Il cuore del problema risiede, come spesso accade, nel portafoglio. Gli stipendi per i ricercatori all'Università di Torino partono da circa 1.200 euro, una cifra che si avvicina pericolosamente alla soglia di povertà. Al contrario, il Politecnico offre stipendi che partono da 1.380 euro e che, grazie a un aumento approvato dal senato accademico, raggiungeranno i 1.600 euro entro il 2026. Questo "delta", come lo definiscono gli ingegneri, rappresenta una differenza sostanziale per chi vive con contratti precari e lotta per arrivare a fine mese. Andrea Rizzetto, un giovane laureato in chimica, racconta con orgoglio di come il Politecnico offra non solo stipendi più alti, ma anche maggiori opportunità di carriera. "Dopo la laurea, non c'erano posti per proseguire la carriera da ricercatore all'Università, e lo stipendio al Politecnico è stato un incentivo in più", spiega Rizzetto.

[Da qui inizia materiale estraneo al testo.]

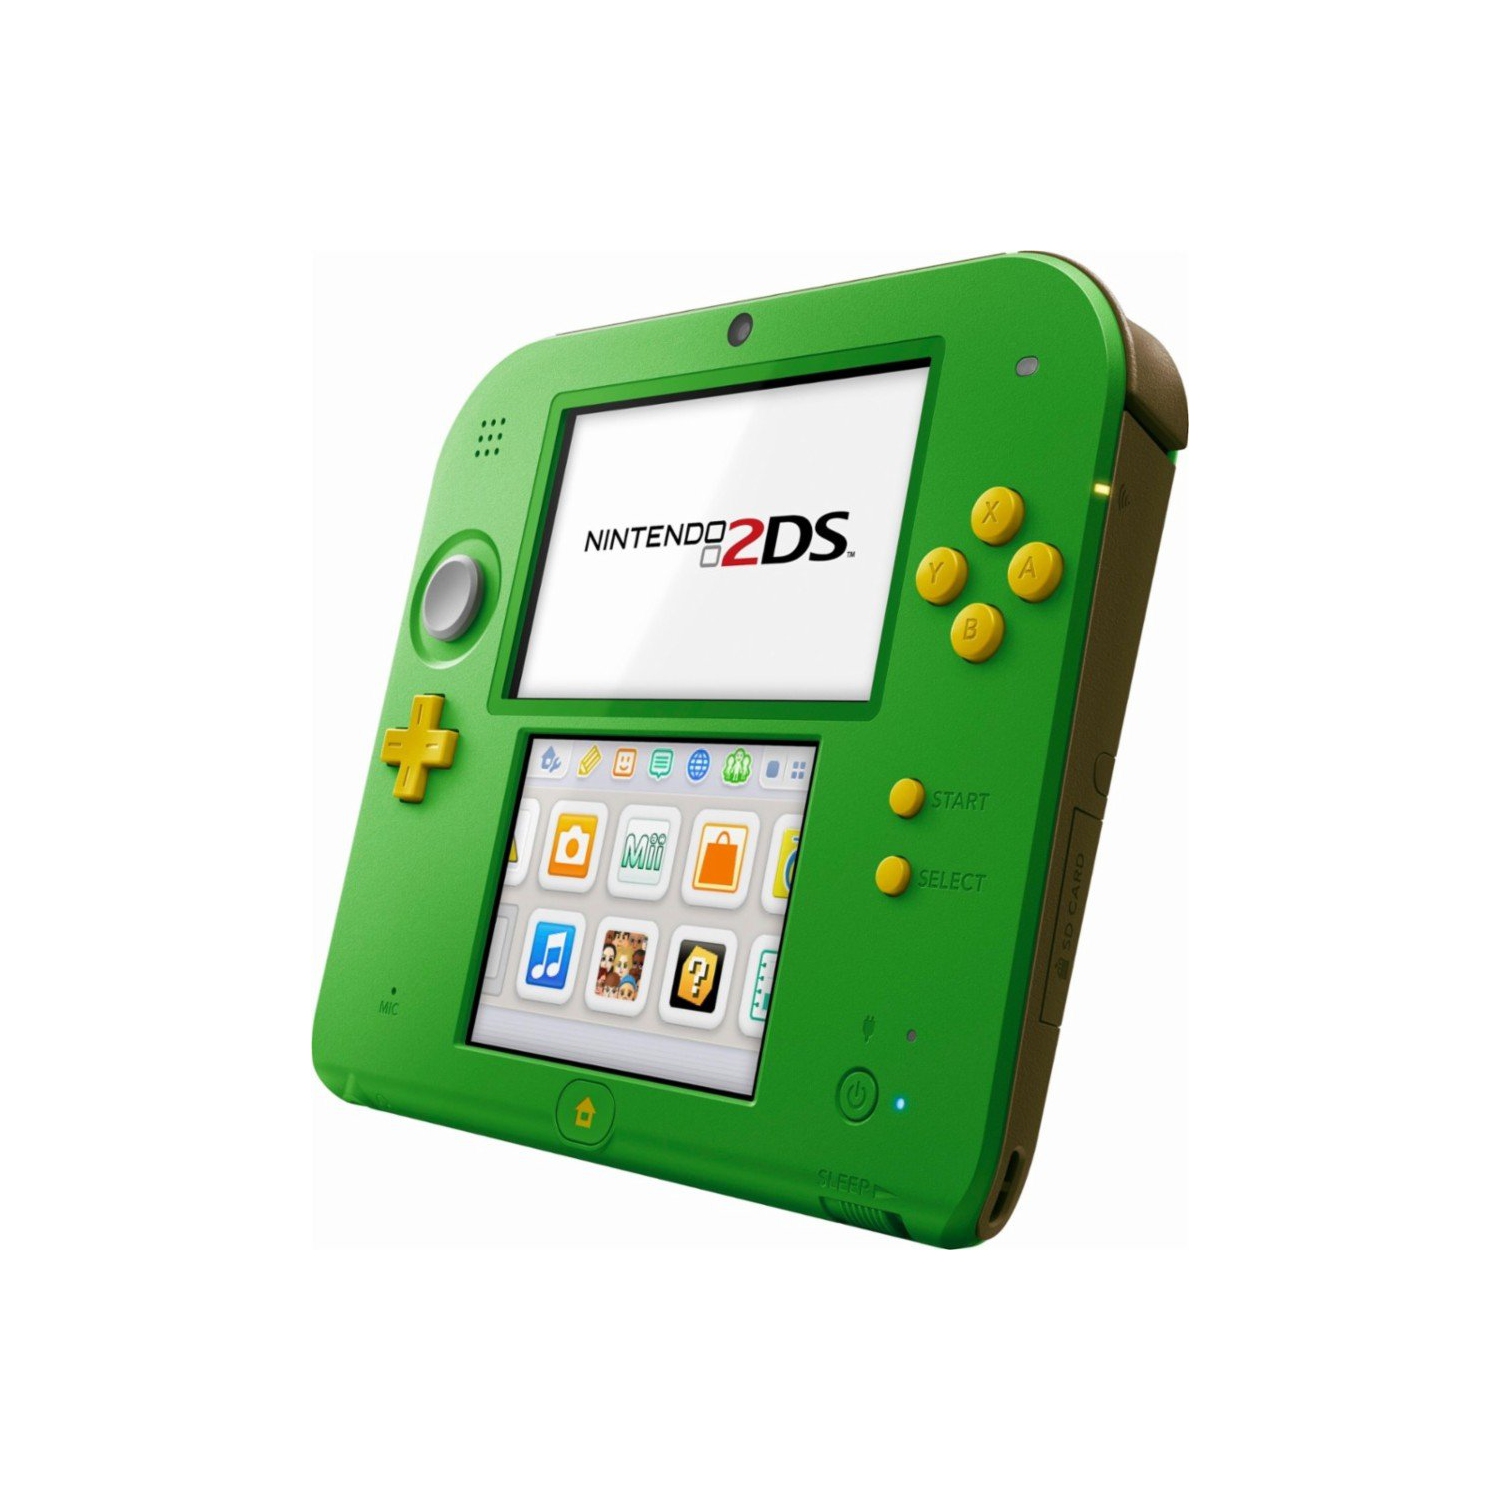 Nintendo 2DS Console - Kokiri Green Link Edition - Includes The

Non è solo una questione di denaro. Il Politecnico di Torino offre anche infrastrutture più moderne e opportunità di ricerca più ampie. Carlotta Pontremoli, che dopo sei anni al Politecnico è tornata all'Università, sottolinea come i laboratori del Politecnico siano dotati di strumentazione all'avanguardia, un "benefit" che non è passato inosservato. "Prima di andarmene, ci ho pensato due volte", ammette, evidenziando come la scelta di tornare all'Università sia stata dettata da un'offerta di ricerca più in linea con i suoi interessi personali.
Cristina Prandi, candidata rettrice dell'Università di Torino, ha definito questo fenomeno un "esodo verso corso Duca", sottolineando la necessità di trovare risorse per aumentare le borse di dottorato. "È una questione di equità verso i nostri dottorandi e una condizione necessaria per restare competitivi e attrattivi nel sistema della ricerca", afferma. La sfida è quella di garantire una competizione leale tra i due atenei, partendo dalla stessa linea di partenza.